__SOURCE DATA__
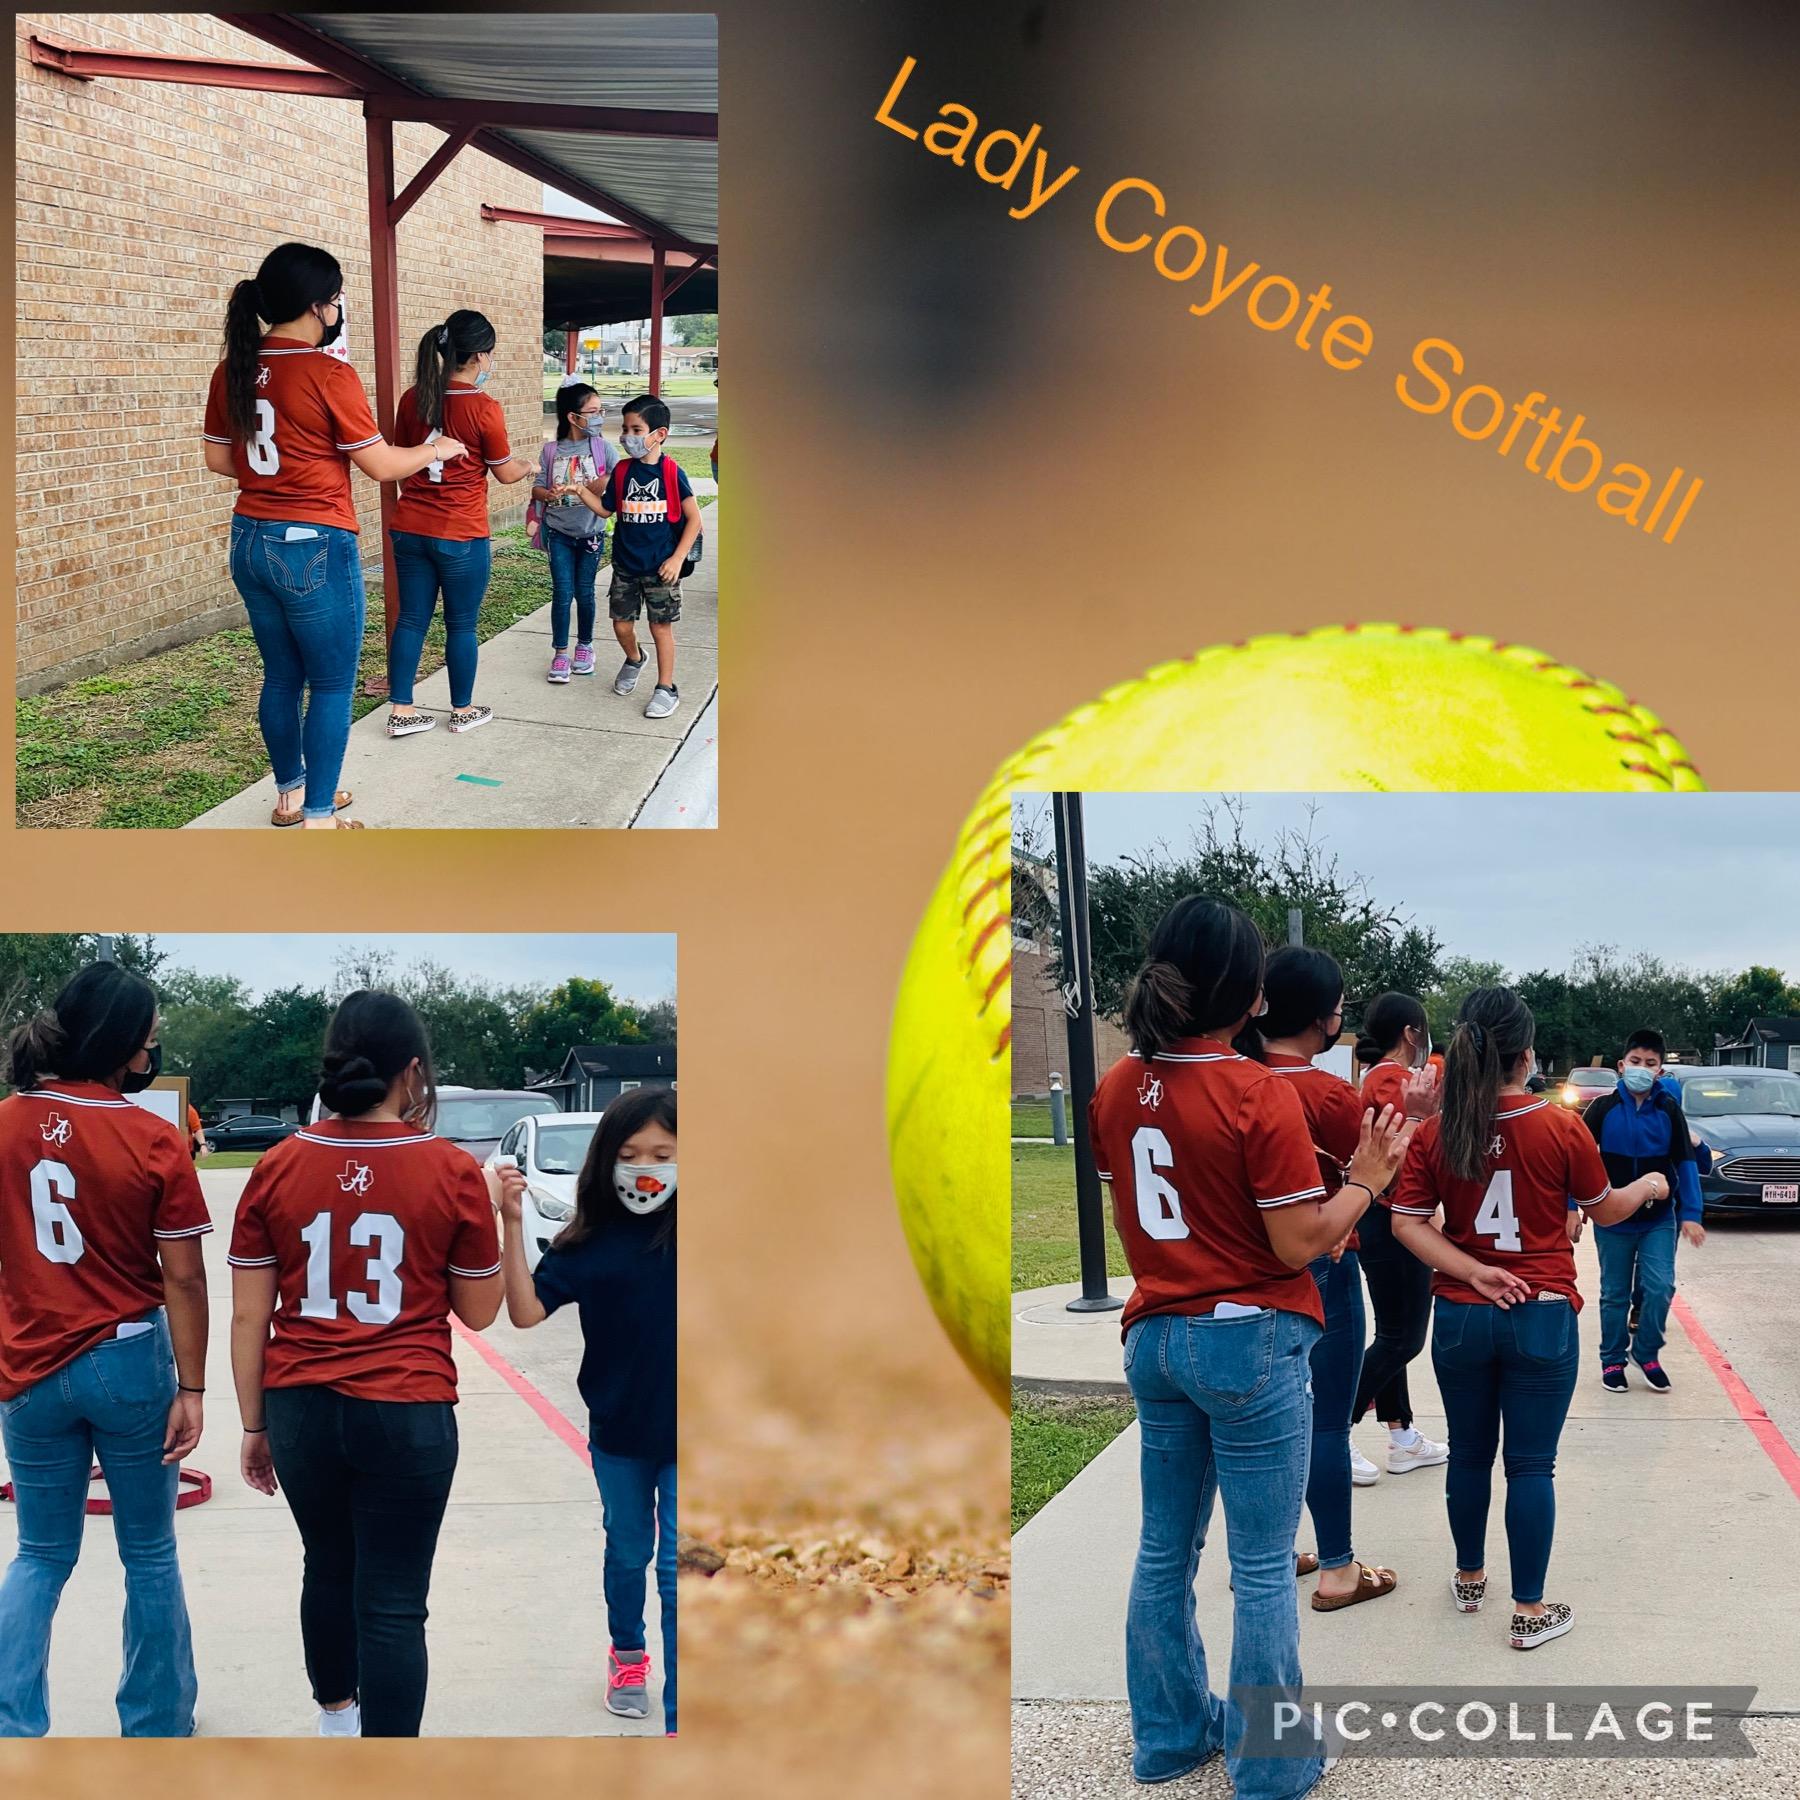 Lady Coyote Softball
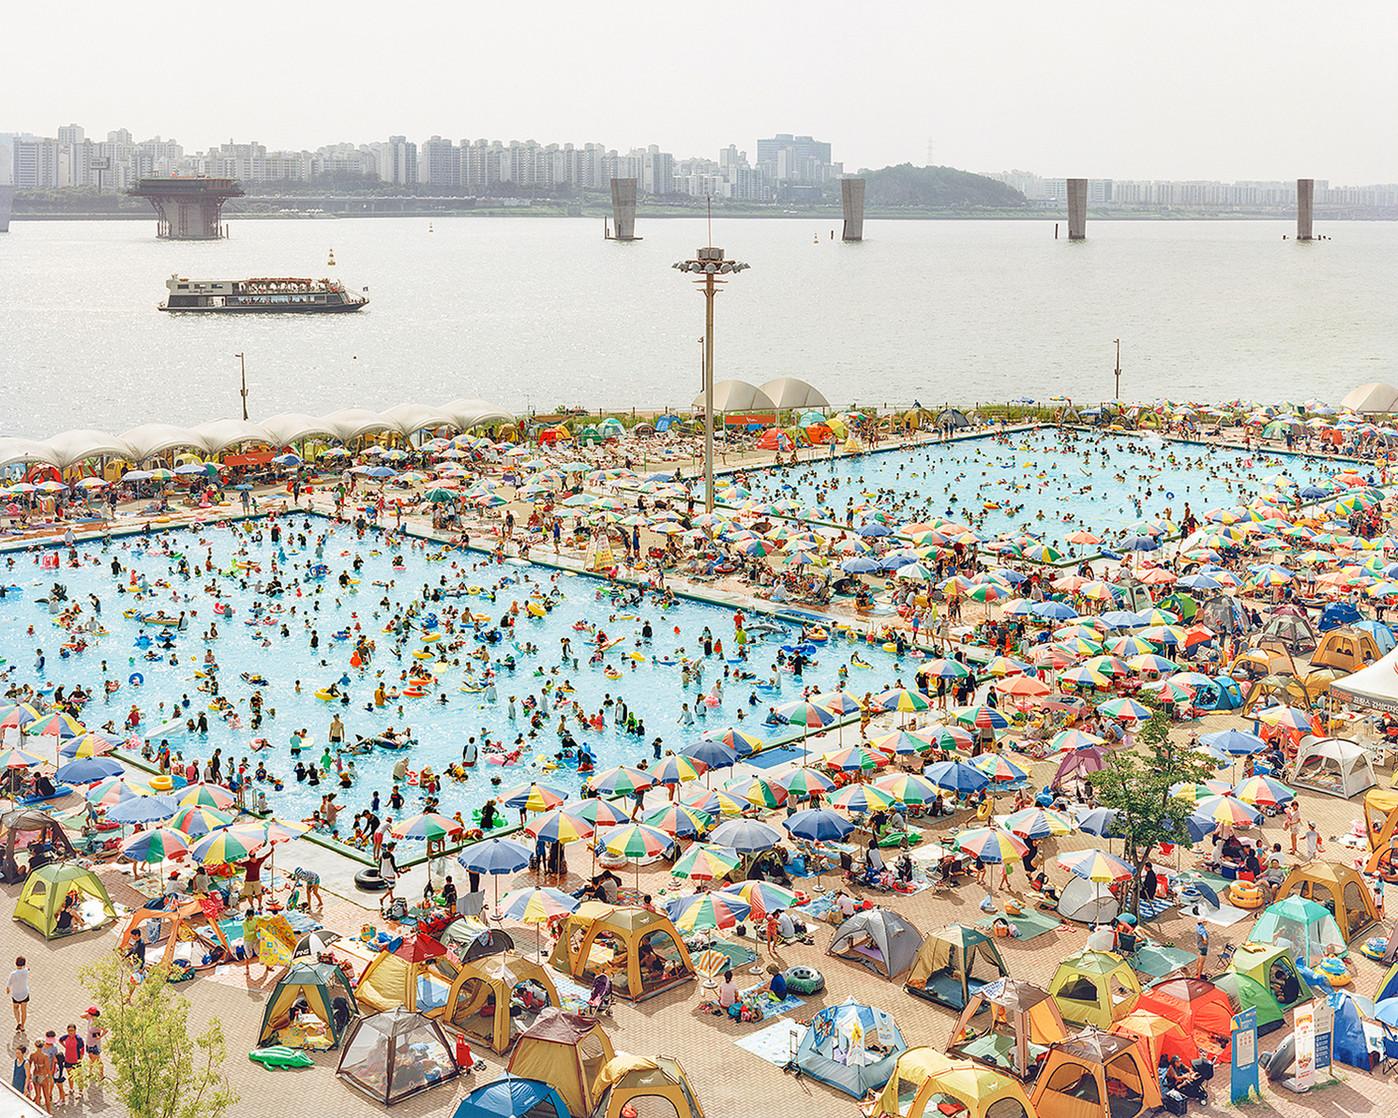 Swimming Pool, Seoul, August 2016
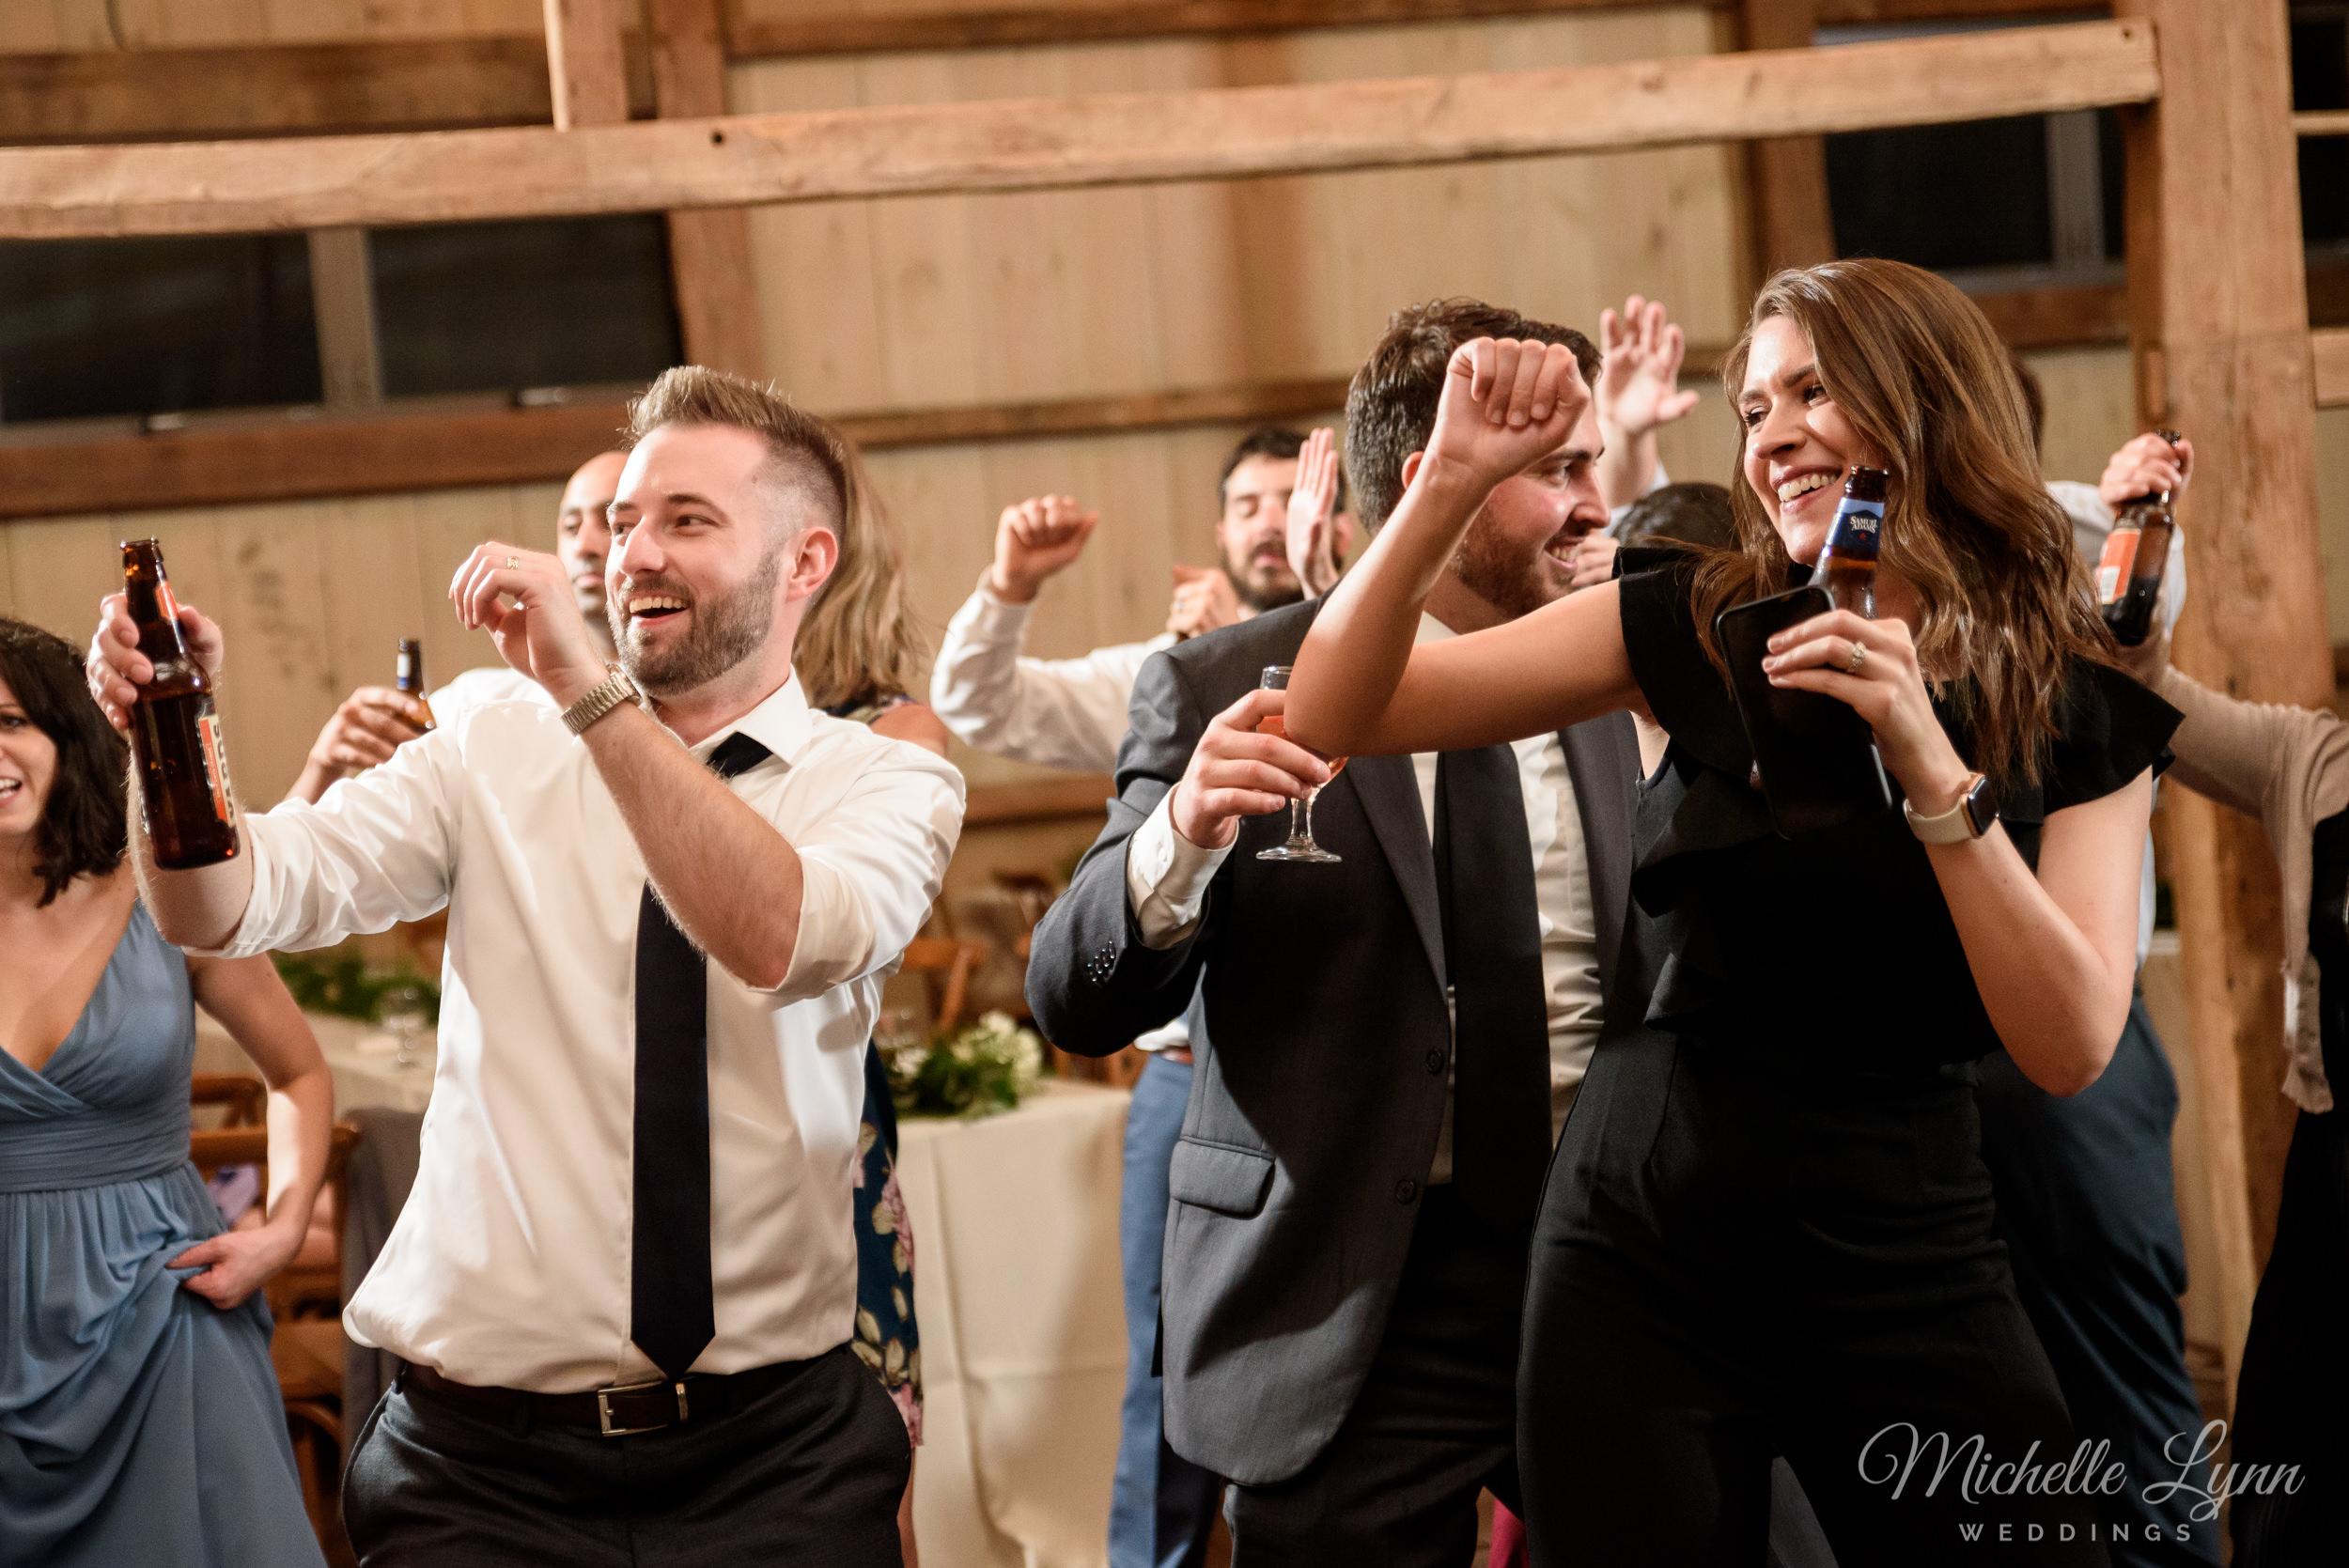 mlw-the-farm-bakery-and-events-wedding-photos-96.jpg
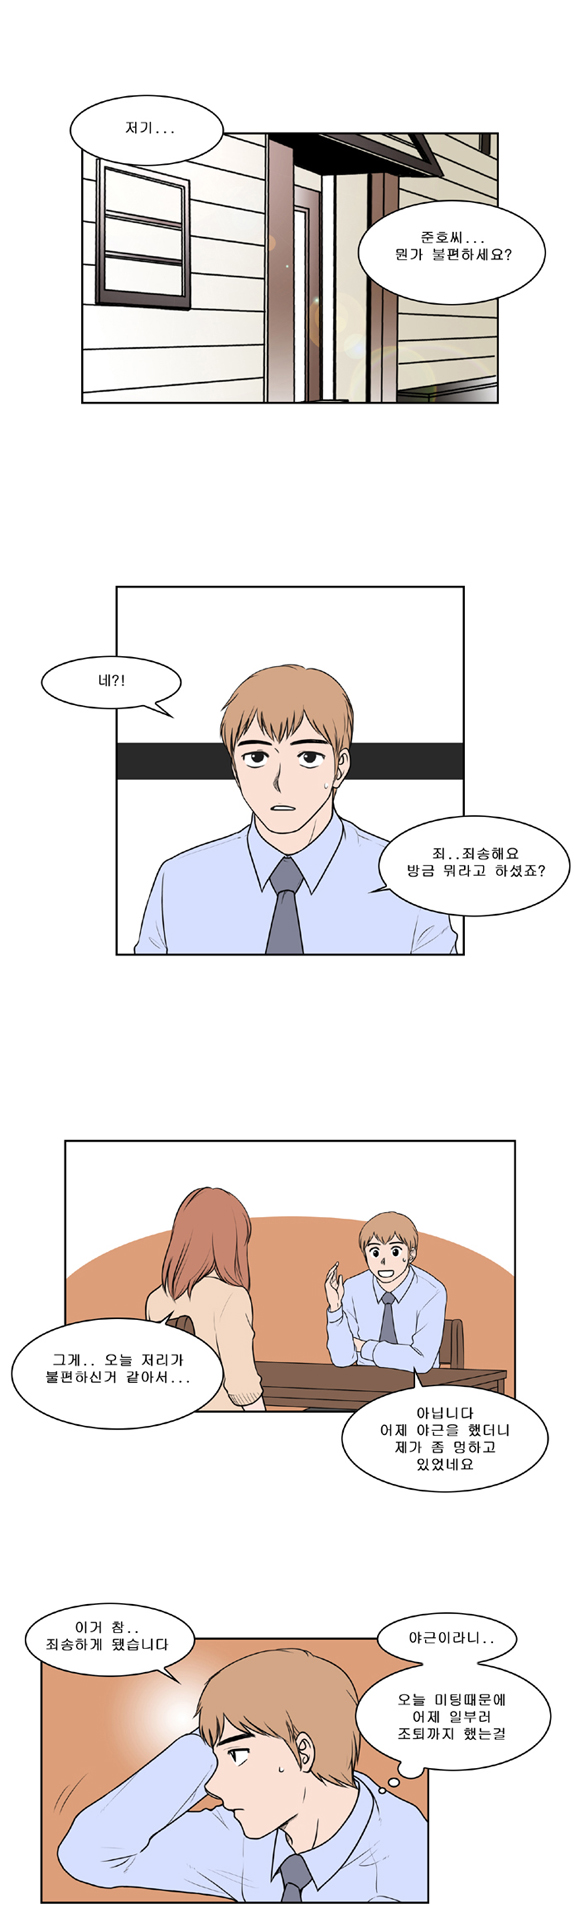 duocartoon_12_01.jpg

__WORK REQUEST__
All the lines above need to be repeated exactly, with no pictures carried over.

__ANSWER BOX__
 Lady Coyote Softball
 Swimming Pool, Seoul, August 2016
 mlw-the-farm-bakery-and-events-wedding-photos-96.jpg
 duocartoon_12_01.jpg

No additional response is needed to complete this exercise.